Maureen Collins’s affection for the older woman, who died later in 2006, owed much to the fact that she was of her parents’ generation, one that had all but disappeared.
But, on that day, over a cup of tea, Collins spoke of the previous Irish generation – from whose ranks came the first parishioners of Southampton’s Catholic church. She later sent me an official history, which has a compelling opening sentence: “Sacred Hearts of Jesus and Mary became a parish [in 1896] in response to the uncompromising faith of the poor and the need of the rich.”
Before that, vacationing Protestants sent out periodic calls to bishops and priests asking them to minister to their young Irish servants, male and female, who would not stay during the summer if they could not fulfill their religious obligations.
By that time, the Catholic Irish were gradually finding acceptance in America. Much had changed since the bedraggled Famine immigrants had come ashore. The anti-Catholic Know Nothing Party was dead. The “Celts” had joined the “Anglo-Saxons” and “Teutons” in the ranks of favored groups. Instead, the nativists and xenophobes were focusing their attention on the newer would-be Americans pouring into New York and elsewhere, such as the East European Jews and the equally impoverished and largely illiterate Italians.
It helped Irish immigrants that, as historian Lawrence McCaffrey has written, “in the late 19th and early 20th centuries [they were] culturally, socially and religiously more scrubbed and polished than preceding generations.”
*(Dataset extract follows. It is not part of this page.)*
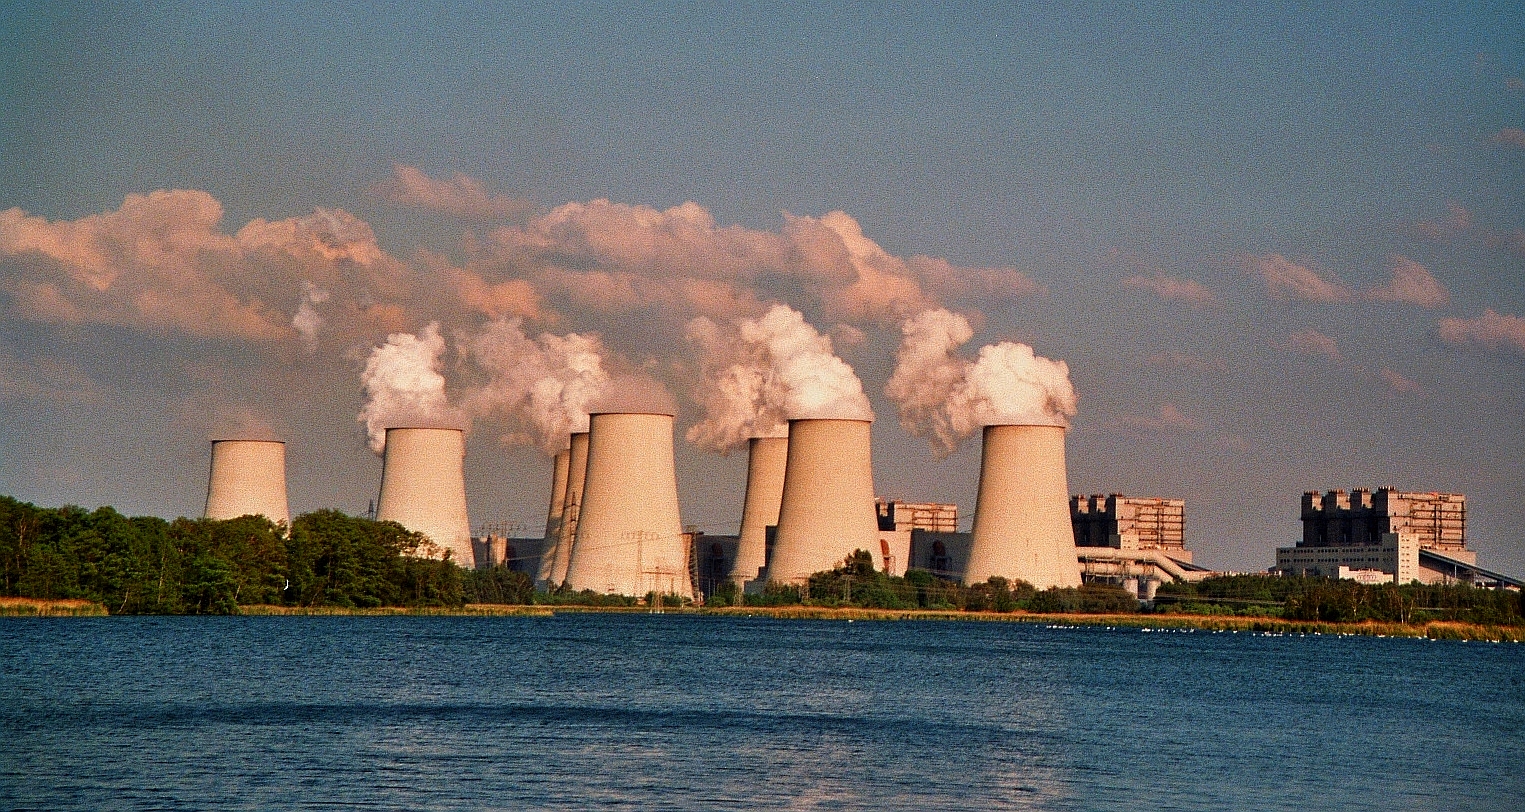 Addio al carbone: la Germania posticipa di 1 anno lo stop alle centrali a lignite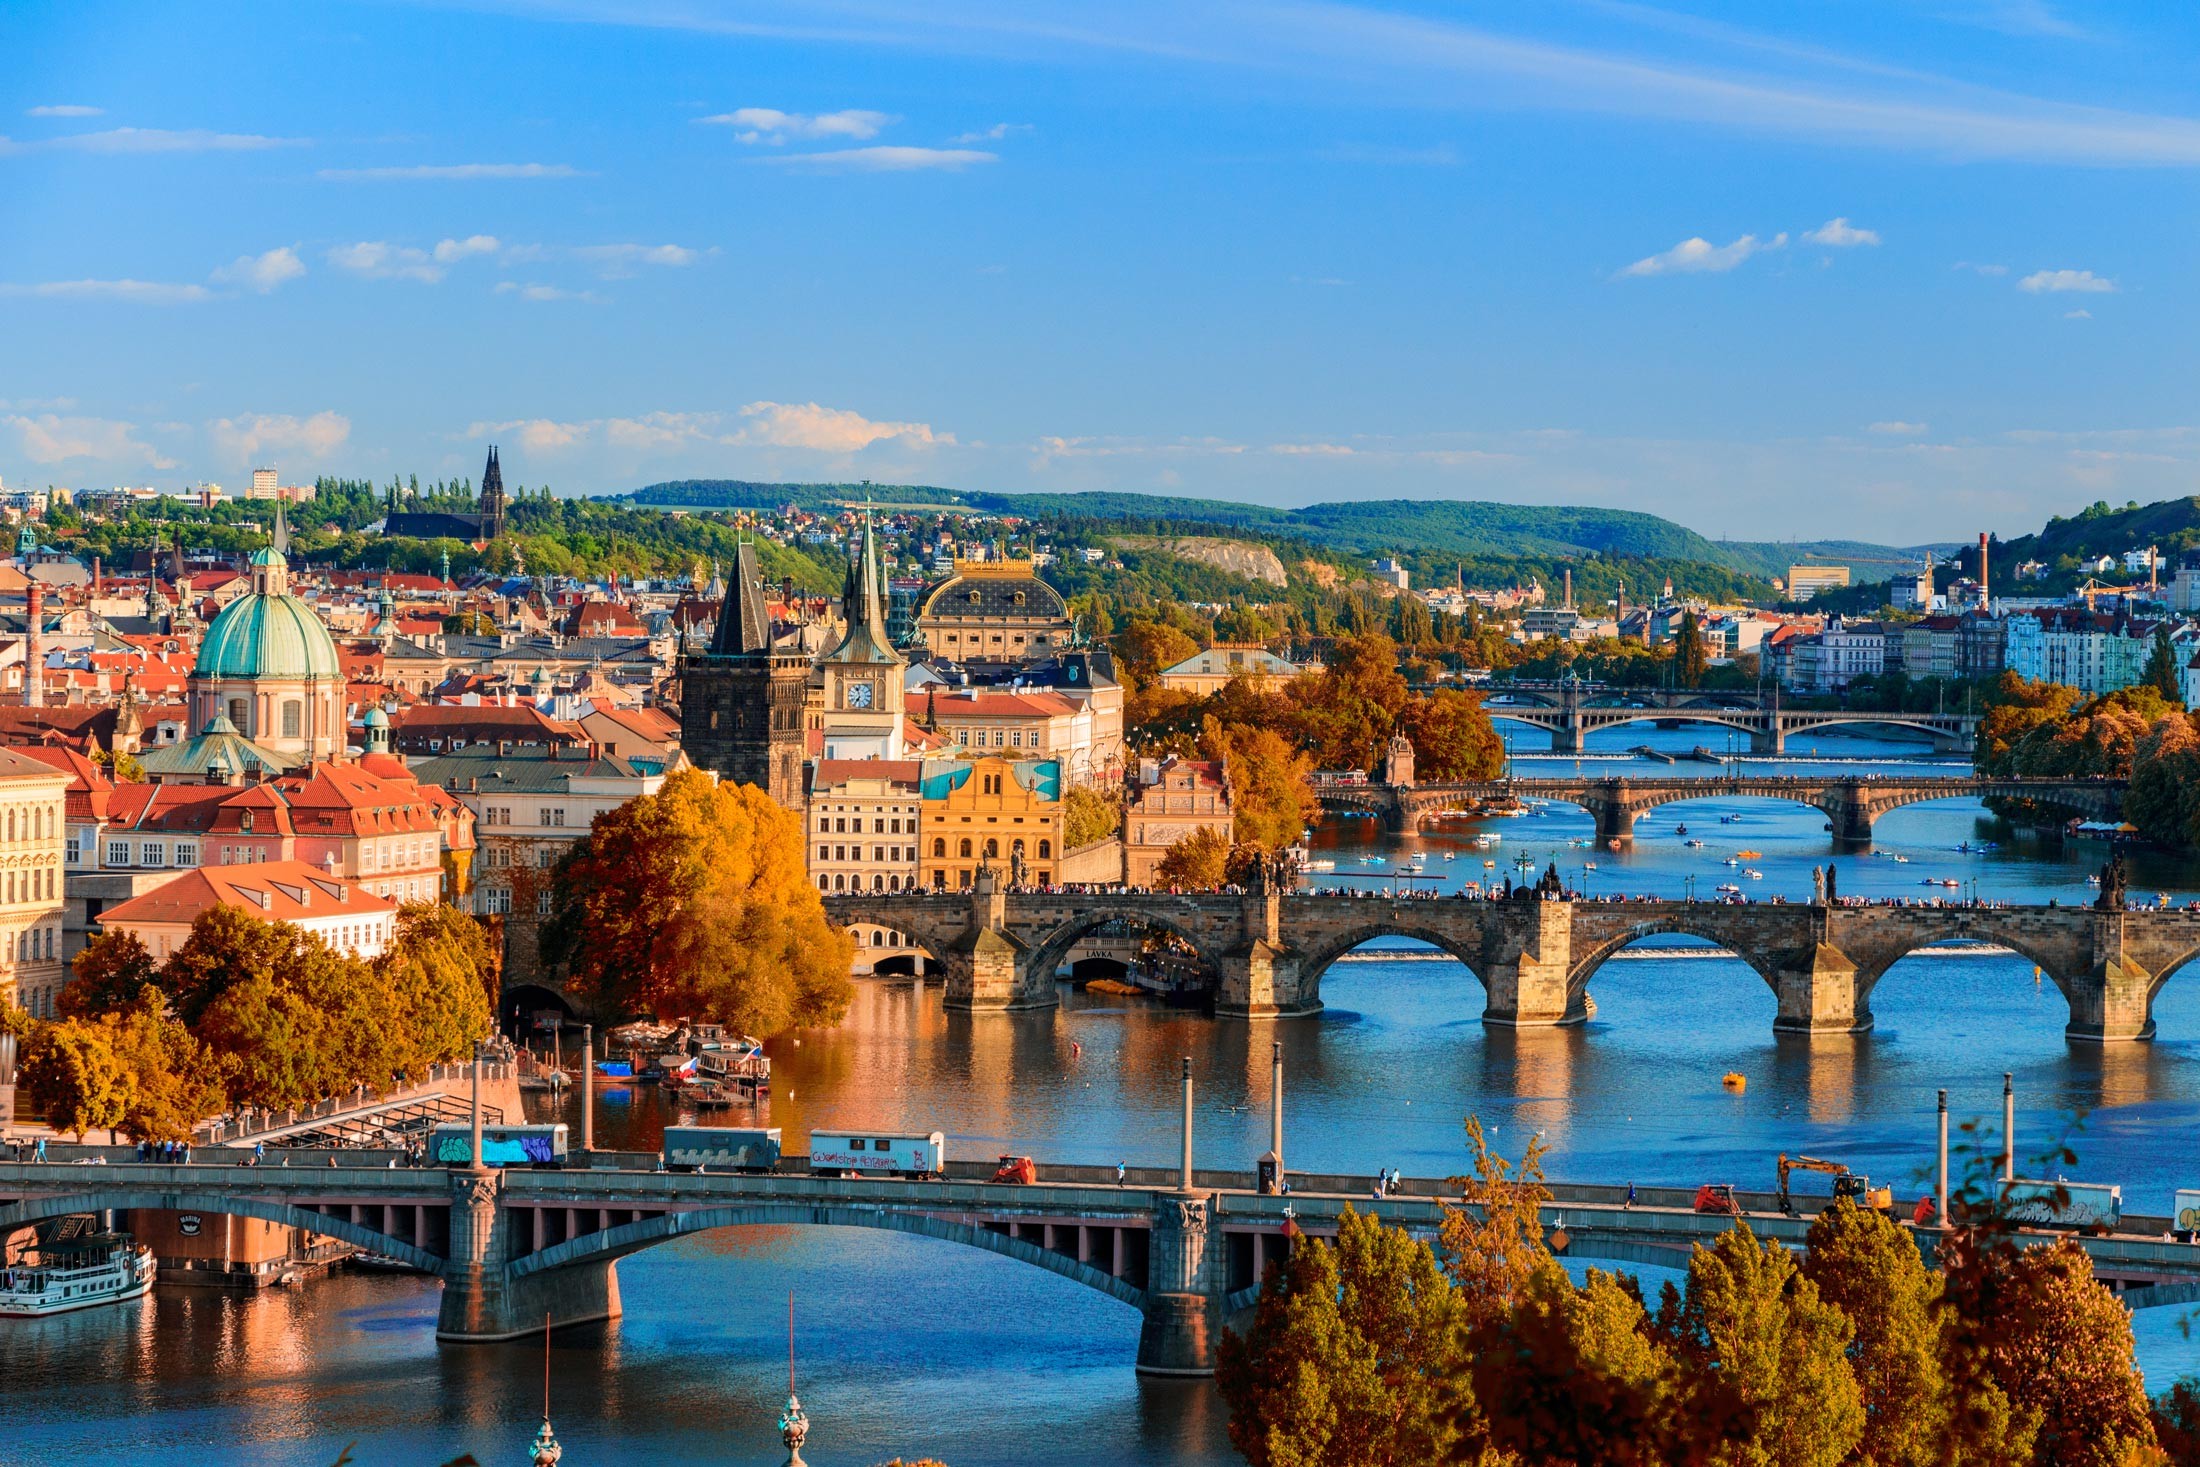 Tour du lịch Châu Âu siêu tiết kiệm: PHÁP – ĐỨC – ÁO – HUNGARY – CH SÉC

They were similar to today’s immigrant servant classes, who constitute a disciplined army of labor, possessing a good basic education, a dedicated work ethos and a level of religious piety above the national average.
This doesn’t impress those who want much of that population to leave. “Illegal,” they scream, blind to an important reality — the law and the capitalist economy’s labor needs aren’t always in perfect harmony. As an Italian-American community activist and octogenarian, Zachary Sansone, once told me, referring to the early 20th century: “They needed someone to build this country up; they didn’t care if you had papers.”
Of course, there’s always been a fear about jobs, which the nativists and xenophobes have happily exploited to the full, for reasons that have little to do with the economy. The Know-Nothings did it and the Minuteman Civil Defense Corps does it today. Their real anxieties were and are elsewhere. In the mid-19th century, many Protestants felt that mass Irish and German Catholic immigration might give the Vatican a say in their Republic.
Nowadays, the concern is a little harder to nail down. The propaganda seems to suggest that the very act of “sneaking” across the border – committed by people who aren’t white and don’t speak English – poses a threat to American civilization. Yet at its root is the same old demographic panic. It happened with the freeing of the slaves and has been seen time and again with every significant wave of immigration and migration.
Is it fair to characterize this type of anxiety as bigotry? Harpreet Singh Toor, a leader of the Sikh community in New York, might say “not necessarily.” Singh Toor, who wears a turban, told me about an incident that happened in the Wall Street area when he was working as a computer programmer at City Hall. “This gentleman – and I will still call him a gentleman – had a suit and tie, and no briefcase; so he probably worked around there somewhere, and was on lunch break with his colleagues,” he recalled. “As he passed me, he said: ‘terrorist.'” That was back in 1997.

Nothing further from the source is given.